REQUIRED WORK: Although the data below contains pictures, please reproduce only its words, exactly.

RAW DATA:

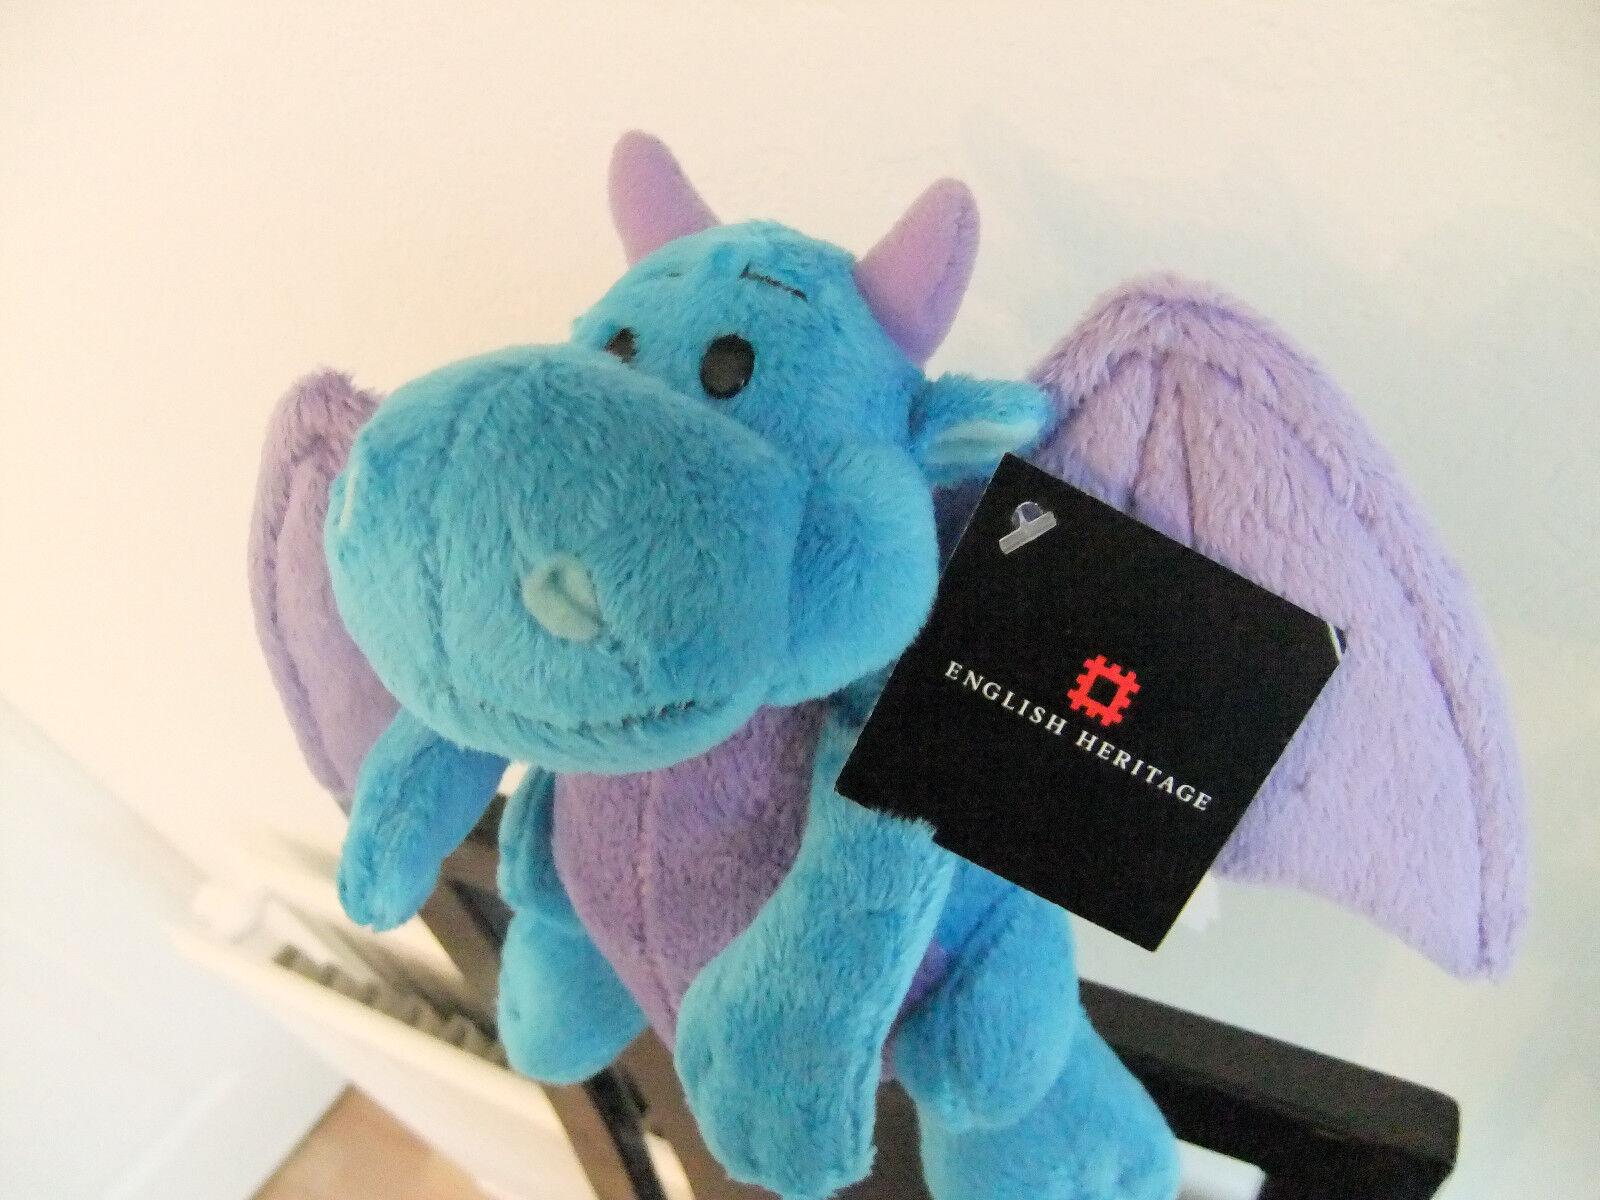 7  ENGLISH HERITAGE blueE PURPLE DRAGON SUKI TEDDY BEAR SOFT CUDDLY TOY NEXT HOLS
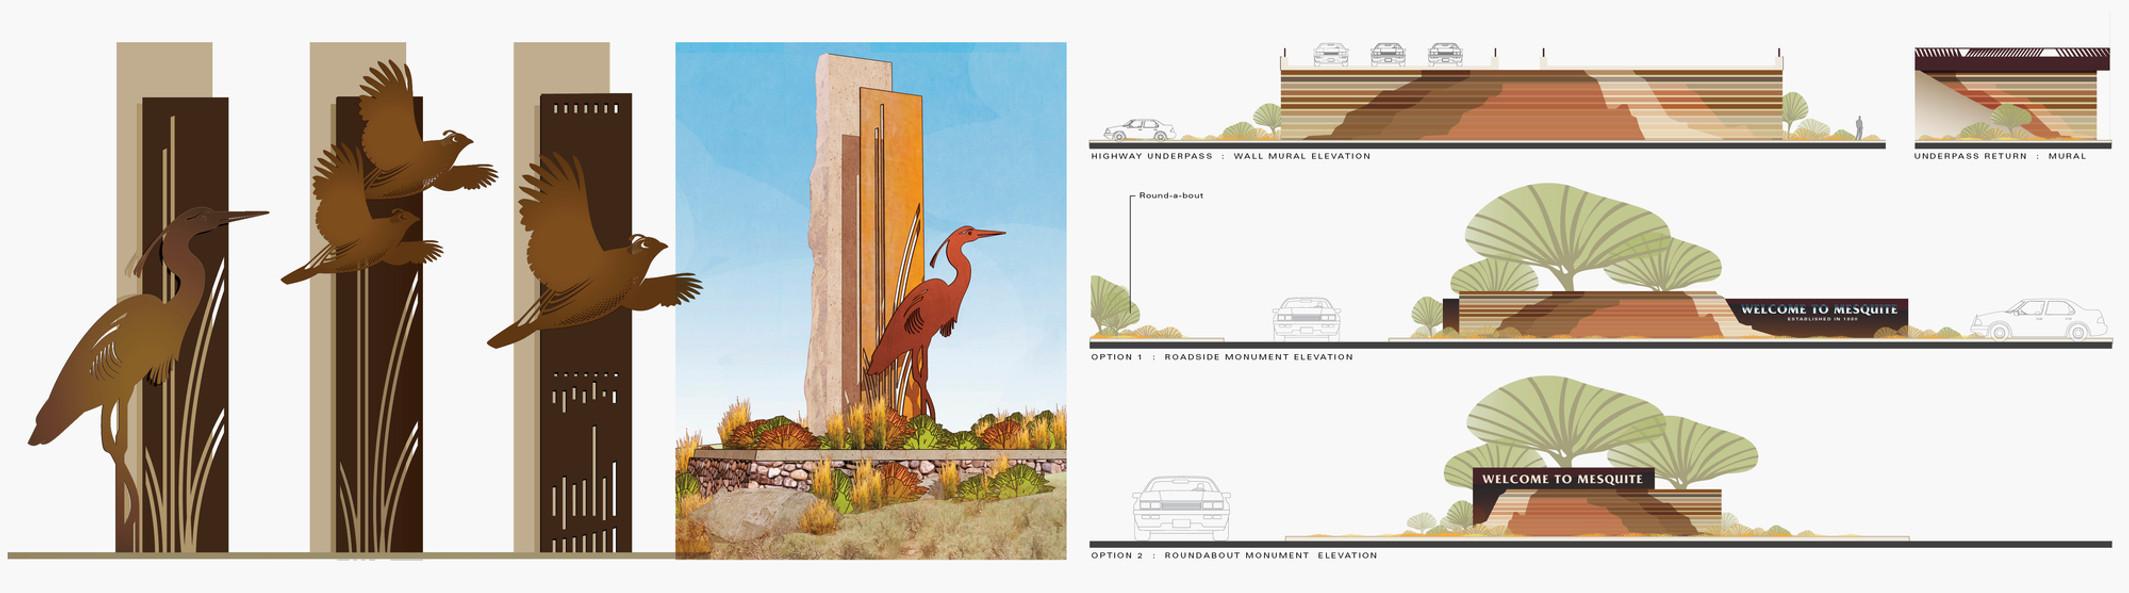 Environmentl design campaigns for public realms.
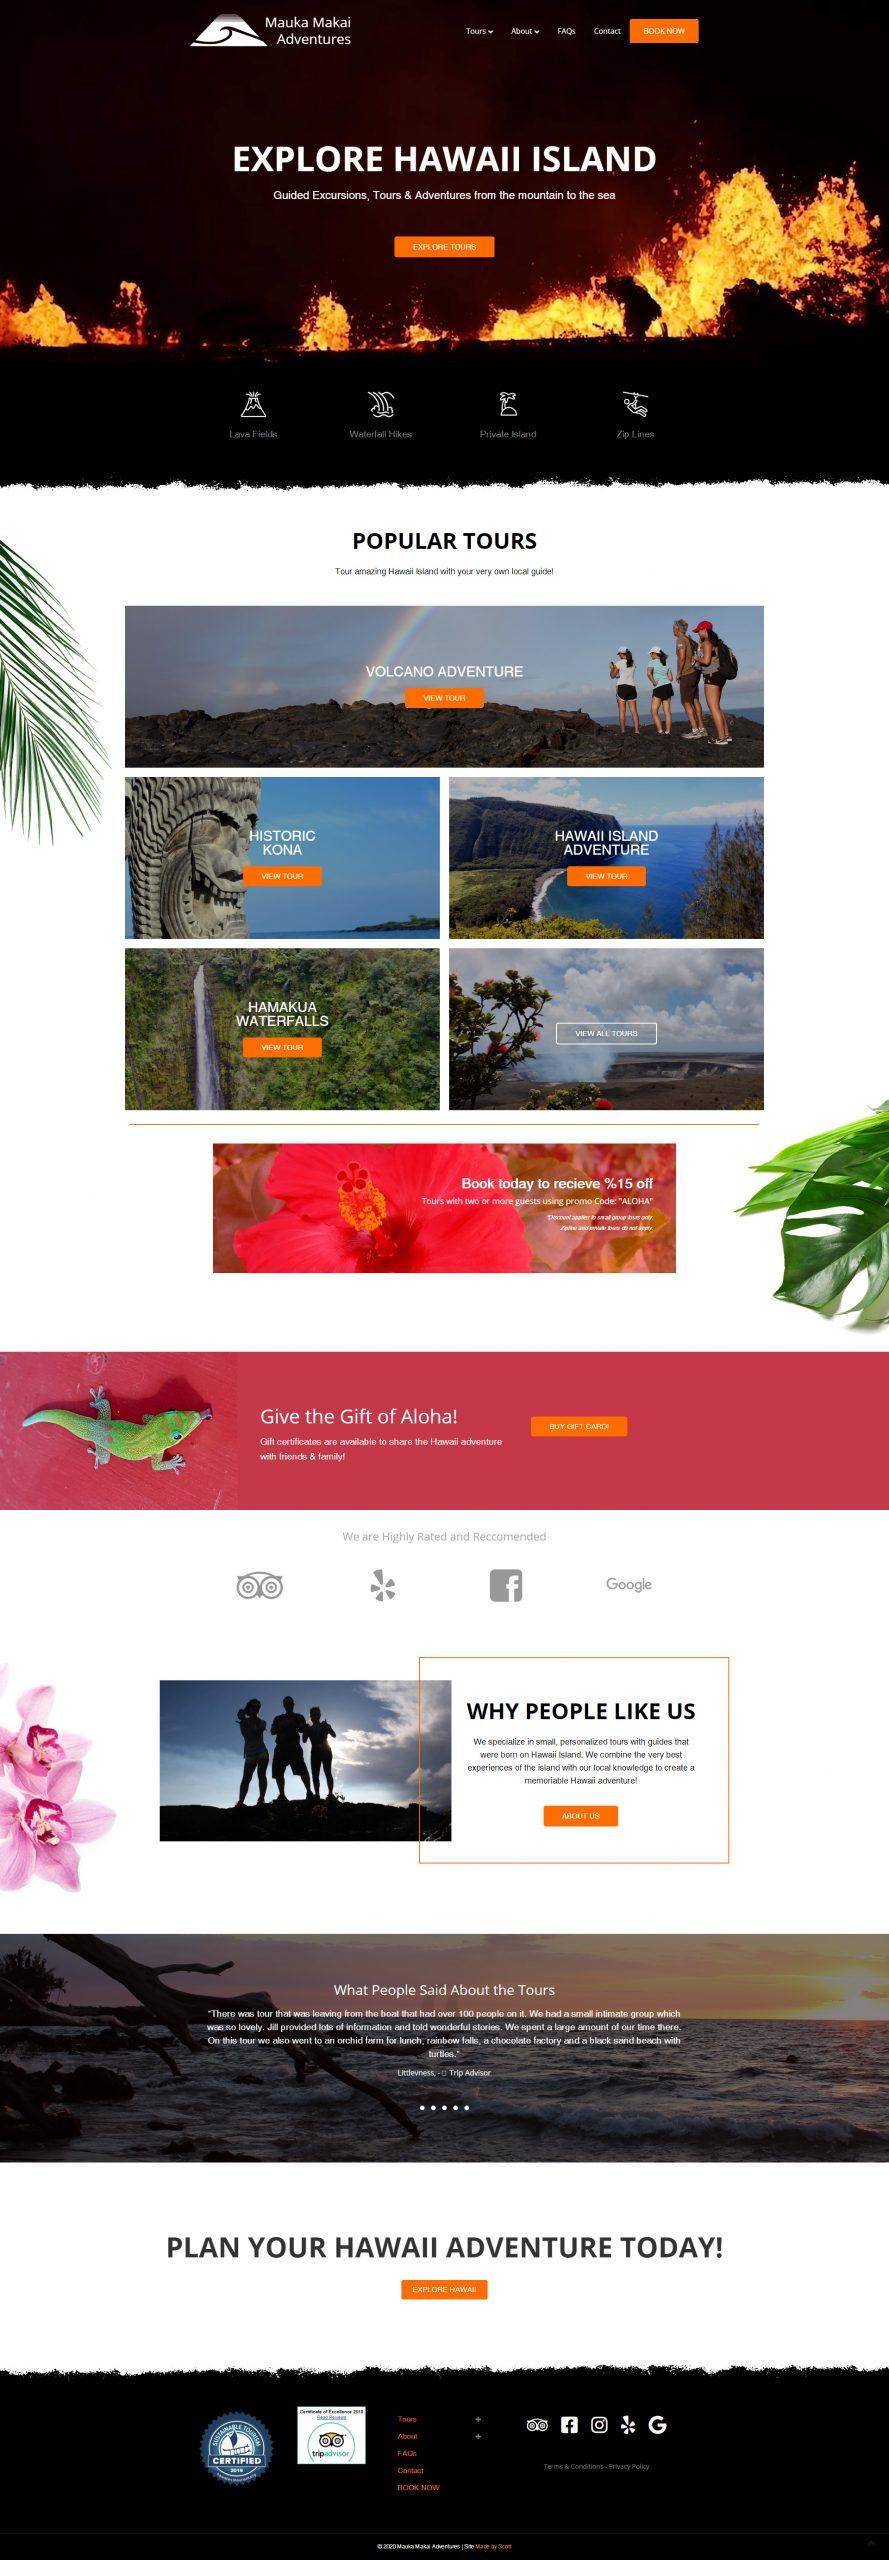 screencapture-maukamakai-madebyscott-2020-03-25-09_48_11

RESPONSE FOR THIS EXERCISE:
 7  ENGLISH HERITAGE blueE PURPLE DRAGON SUKI TEDDY BEAR SOFT CUDDLY TOY NEXT HOLS
 Environmentl design campaigns for public realms.
 screencapture-maukamakai-madebyscott-2020-03-25-09_48_11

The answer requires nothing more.